Another promising approach is the manipulation of the prolyl hydroxylase domain/hypoxia-inducible factor (PHD/HIF) pathway, which seems to be deranged in iron-deficient patients with HF [145][46][12,185]. Several HIFs stabilisers are being developed, some of which have entered/finished phase 3 of clinical trials, including Vadadustat, Daprodustat and Roxadustat [146][273]. Meta-analyses of several randomised controlled trials showed that PHD inhibitors increase the levels of hemoglobin, serum transferrin and increase intestinal iron absorption while reducing levels of hepcidin in anaemic CKD patients [146][147][148][273,274,275]. These effects seem to be independent of inflammation [146][273]. Such activation of HIF signalling can provide a physiologic approach towards improved iron metabolism and may complement and/or reduce the need for IV iron in iron-deficient patients with HF. Besides being orally administered, targeting this pathway may have other non-erythopoetic benefits, such as lowering cholesterol levels as well as blood pressure [149][150][276,277]. However, there are many concerns regarding its safety as stabilising HIFs might lead to unwanted effects such as promoting cancer development since HIFs modulate the expression of various proteins that are involved in energy metabolism, angiogenesis, cellular growth and differentiation [117][249]. Large, carefully designed, long-term clinical trials are required to clearly understand the effects of systemic activation of the HIF pathway on iron-deficient HF patients.
Lastly, it should be noted that these agents can mainly increase absorption or mobilisation of sequestered iron, making them potentially ineffective for patients who have AID. Whether targeting the PHD/HIF or hepcidin–ferroportin axes have additive or possibly even synergistic effects with IV iron to correct ID, improve iron mobilisation in a more physiological manner and prevent relapses of ID remains to be investigated.

4. Conclusions

The consequences of ID per se reach far beyond those of anaemia.

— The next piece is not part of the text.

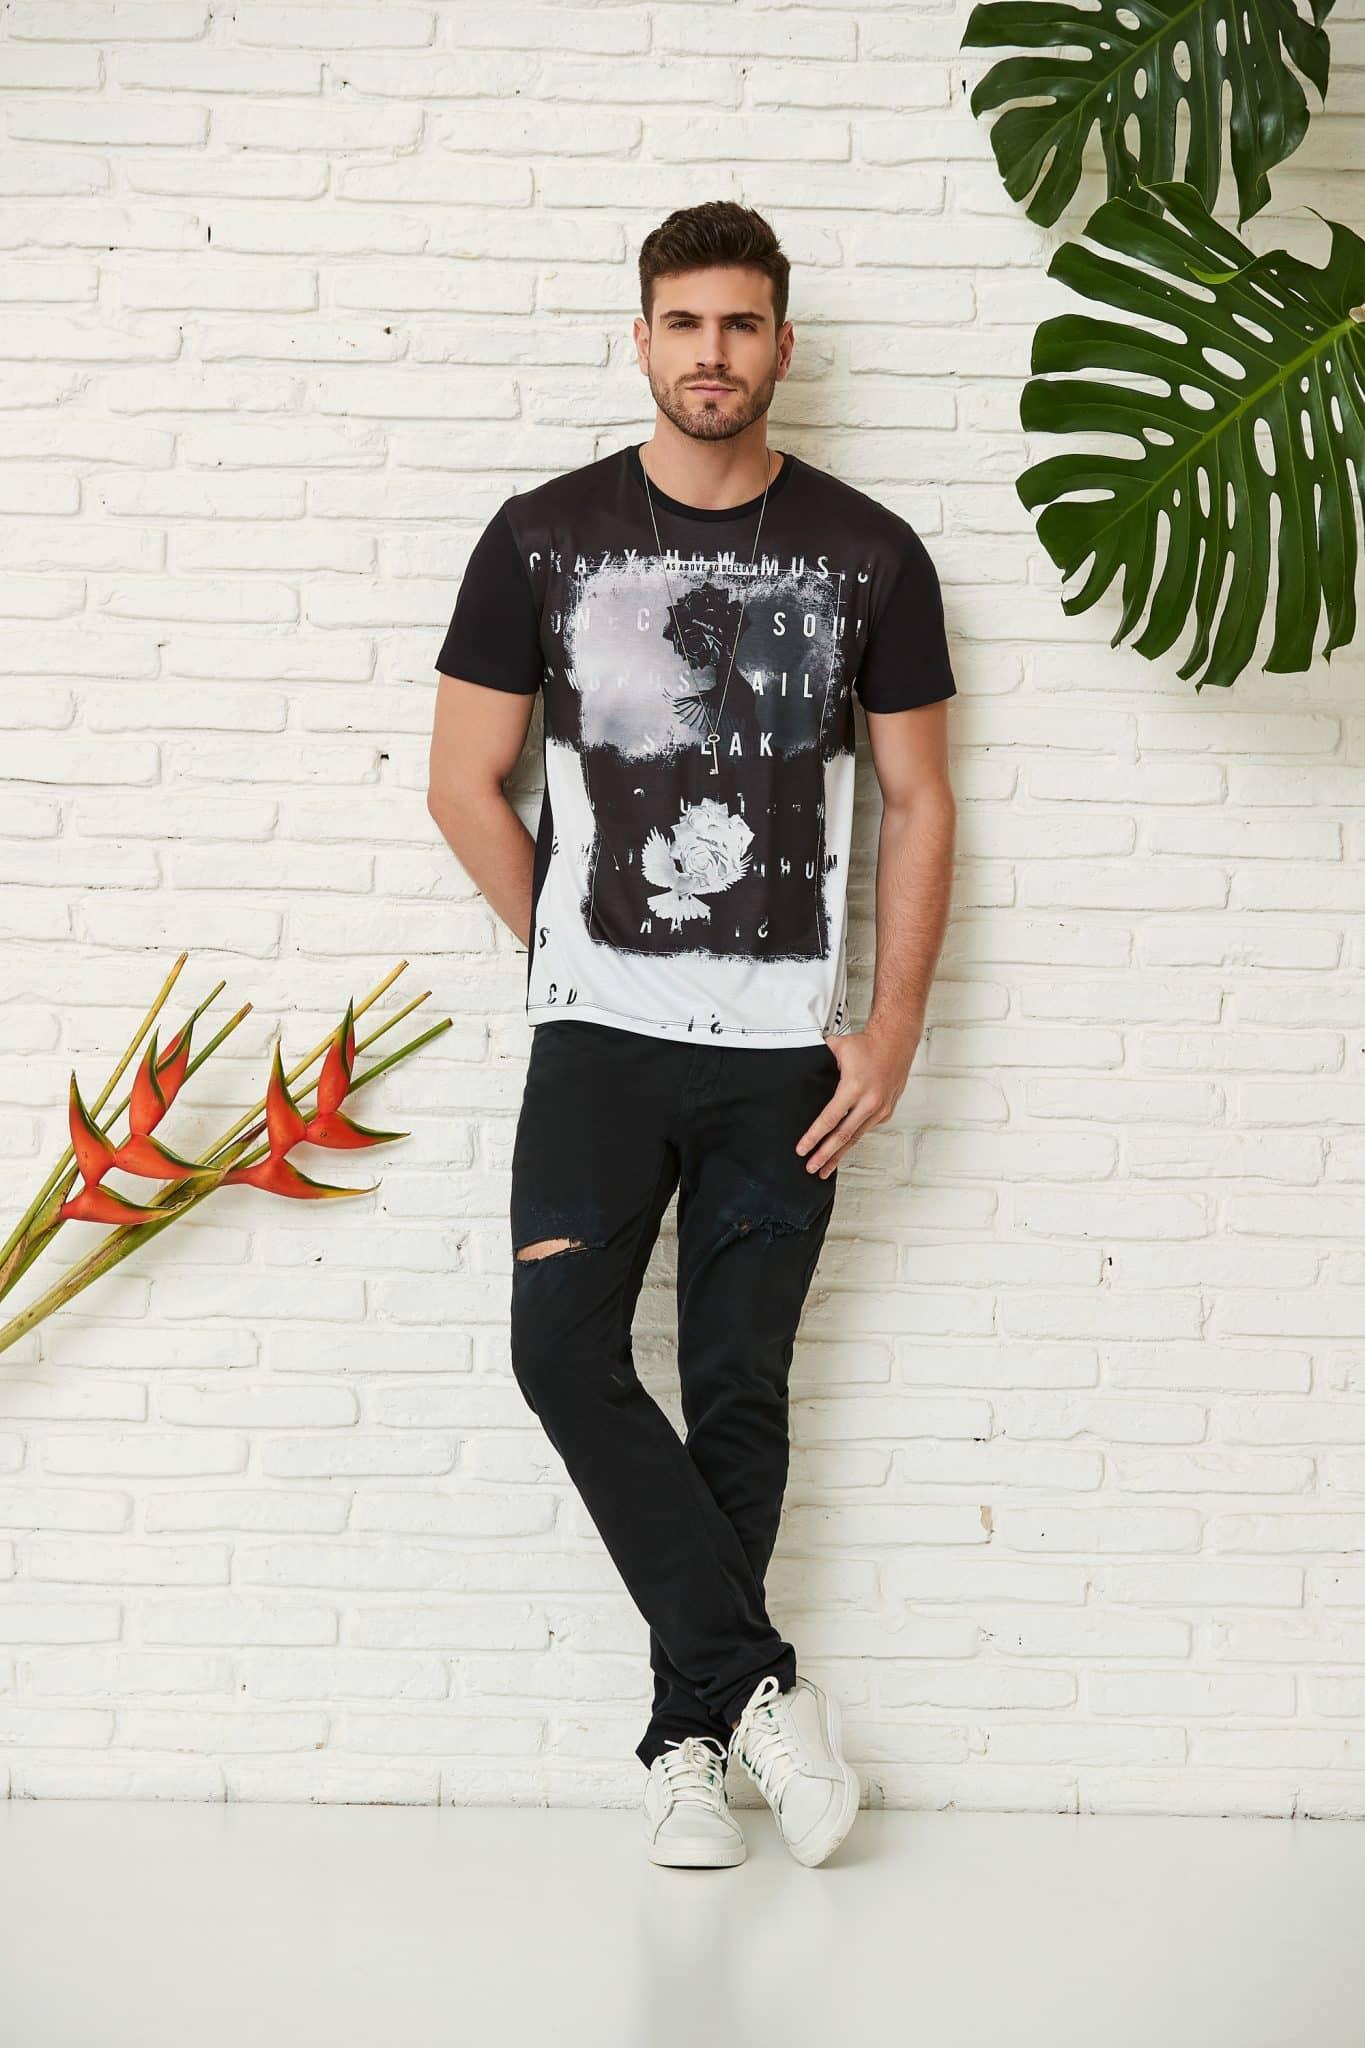 roupas masculinas no estilo rock

Energy deficit is one of the hallmarks of HF. Mounting evidence indicates that mitochondrial dysfunction is a prominent repercussion of ID, which further aggravates the existing deficit in energy in HF. Current standard-of-care pharmacological approaches to HF provide symptomatic and clinical benefits by reducing the workload on the heart instead of increasing its reserve. Targeting ID in HF can improve the care of HF patients as it addresses this shortcoming by augmenting mitochondrial function. This makes ID stand out as a therapeutic target in HF since it is relatively easy to diagnose and treat with potential anti-remodelling effects.